━━━ Material provided

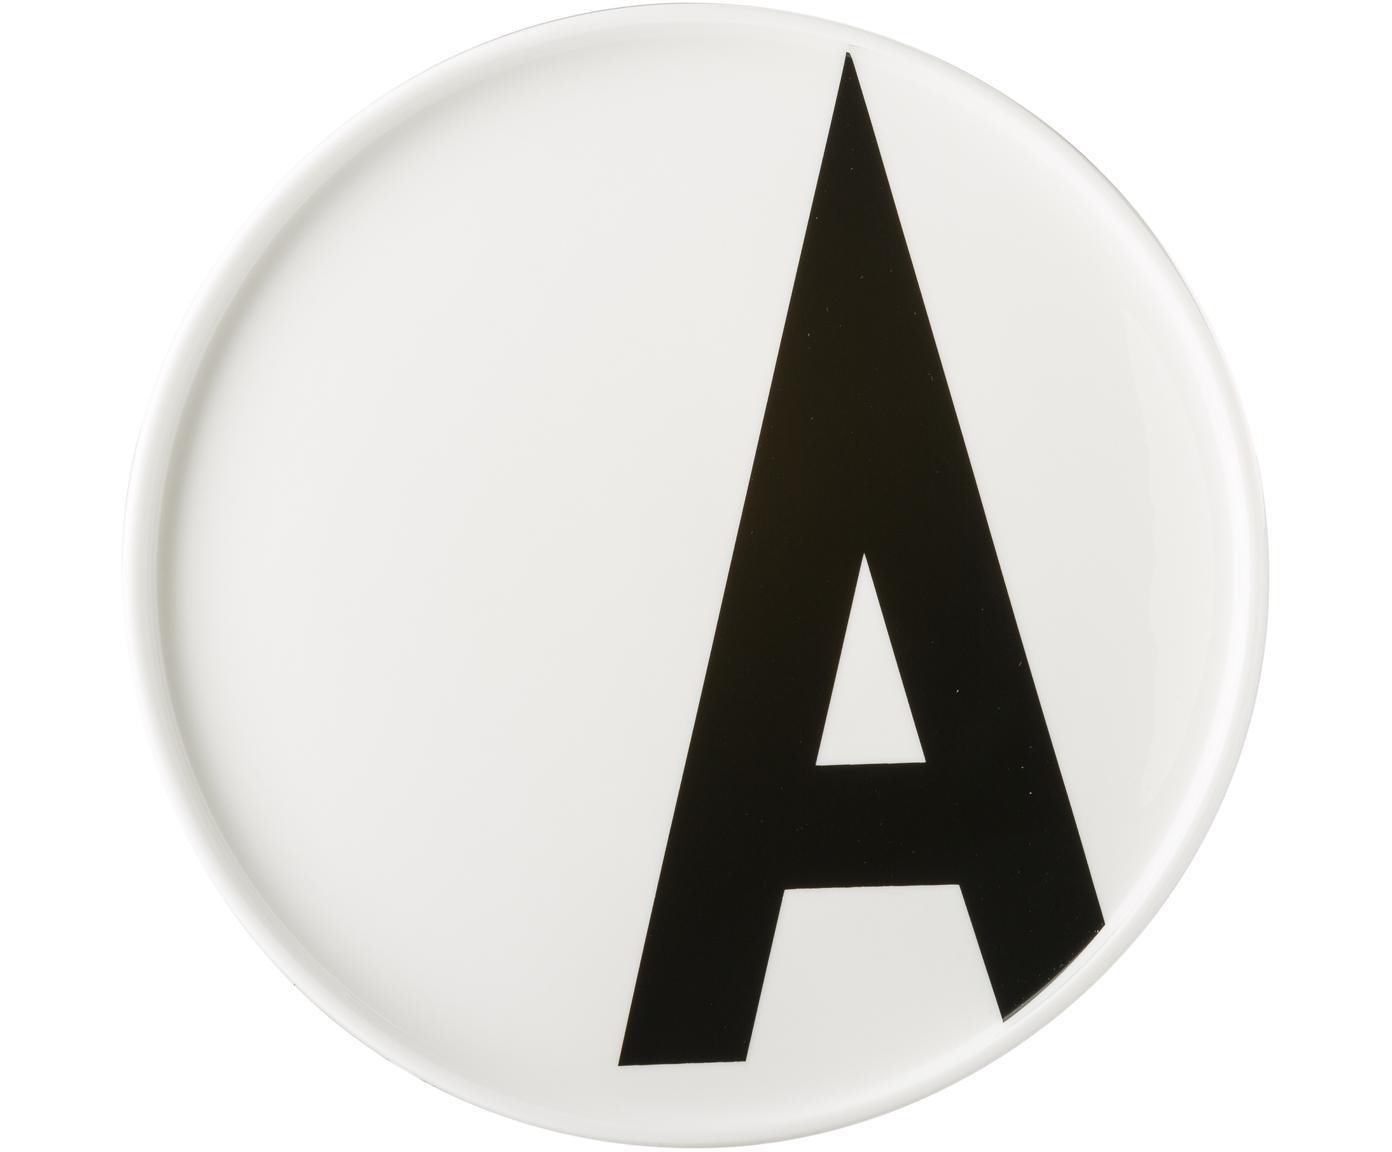 Piatto A (varianti dalla A alla Z), Porcellana Fine Bone China, Bianco, nero, Ø 22 x Alt. 2 cm
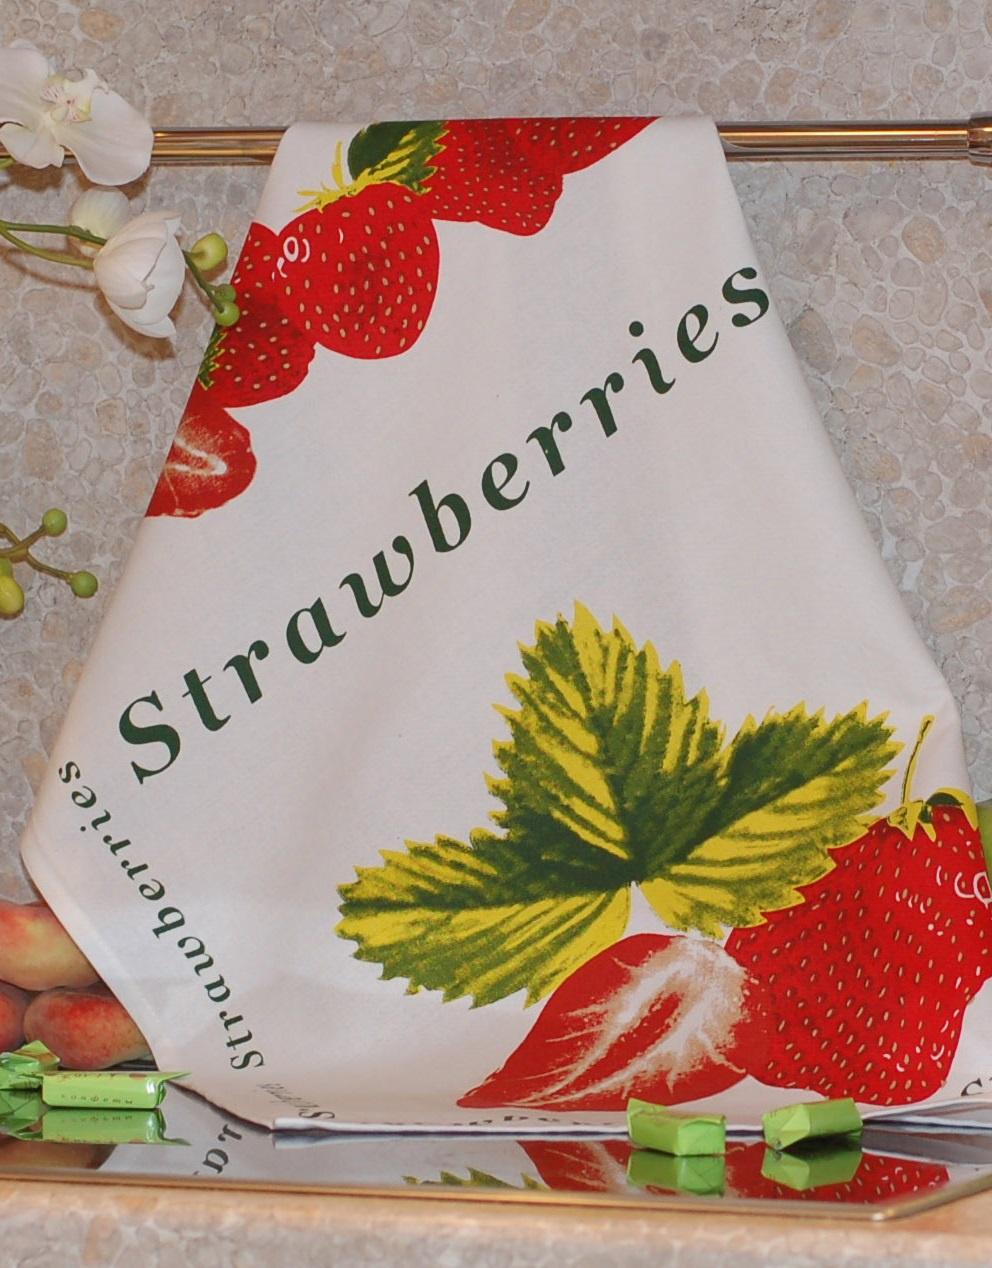 Полотенце с печатным рисунком ТекСтиль 507042-4 STRAWBERRIES полотенце кухонное текстиль для дома 507061 1 cafе коричневый бежевый красный
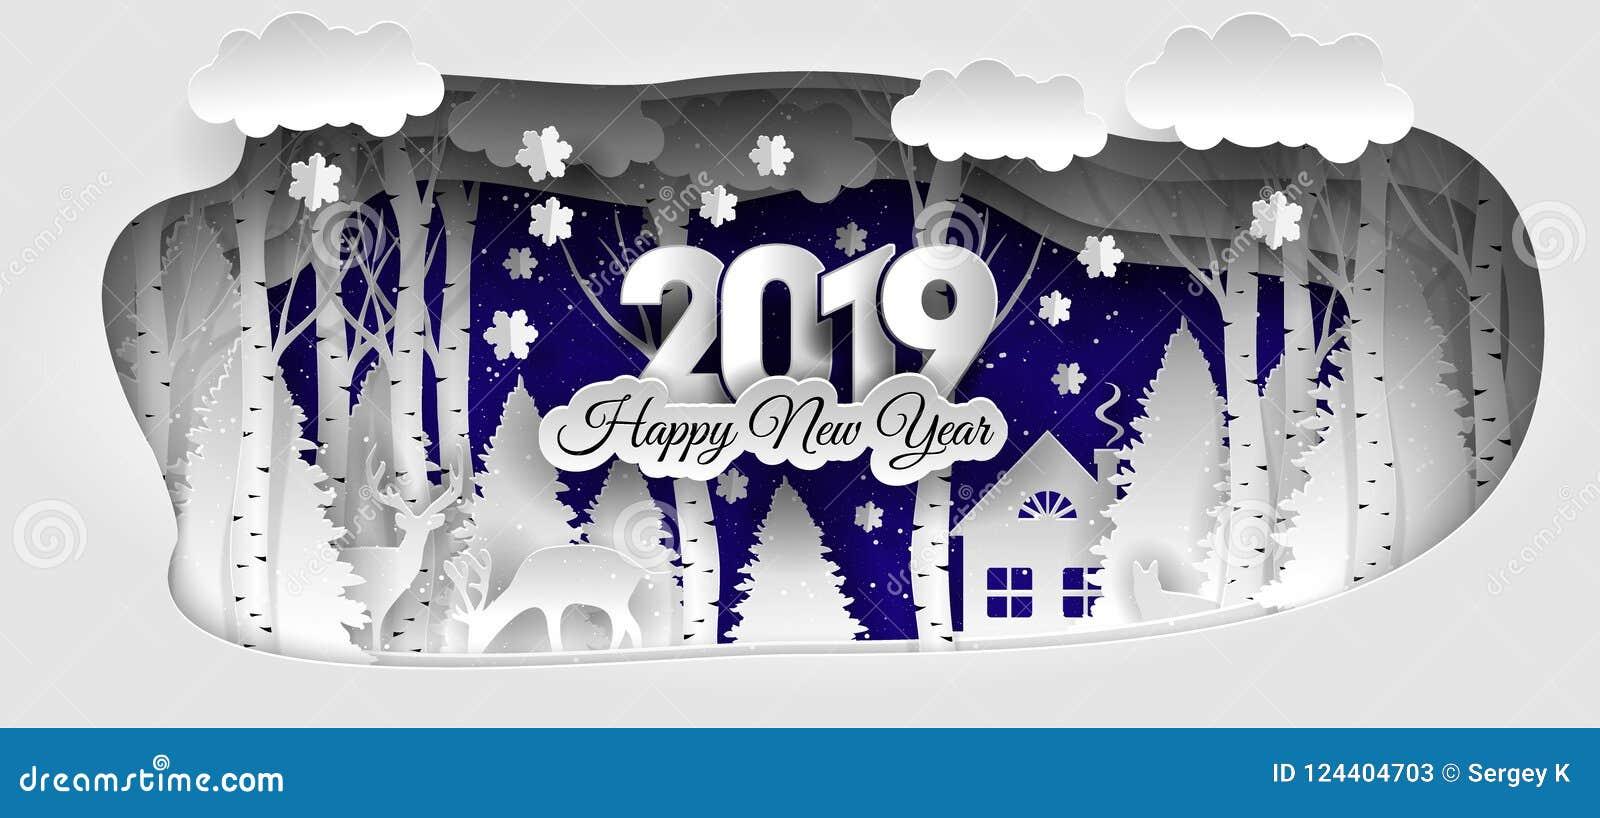 Creatief gelukkig nieuw jaar 2019 ontwerp De winter bos Gelukkig nieuw jaar 2019

━━━━━━

Try it: All of the material above is to be copied exactly, with no pictures.

Expected answer:
 Piatto A (varianti dalla A alla Z), Porcellana Fine Bone China, Bianco, nero, Ø 22 x Alt. 2 cm
 Полотенце с печатным рисунком ТекСтиль 507042-4 STRAWBERRIES полотенце кухонное текстиль для дома 507061 1 cafе коричневый бежевый красный
 Creatief gelukkig nieuw jaar 2019 ontwerp De winter bos Gelukkig nieuw jaar 2019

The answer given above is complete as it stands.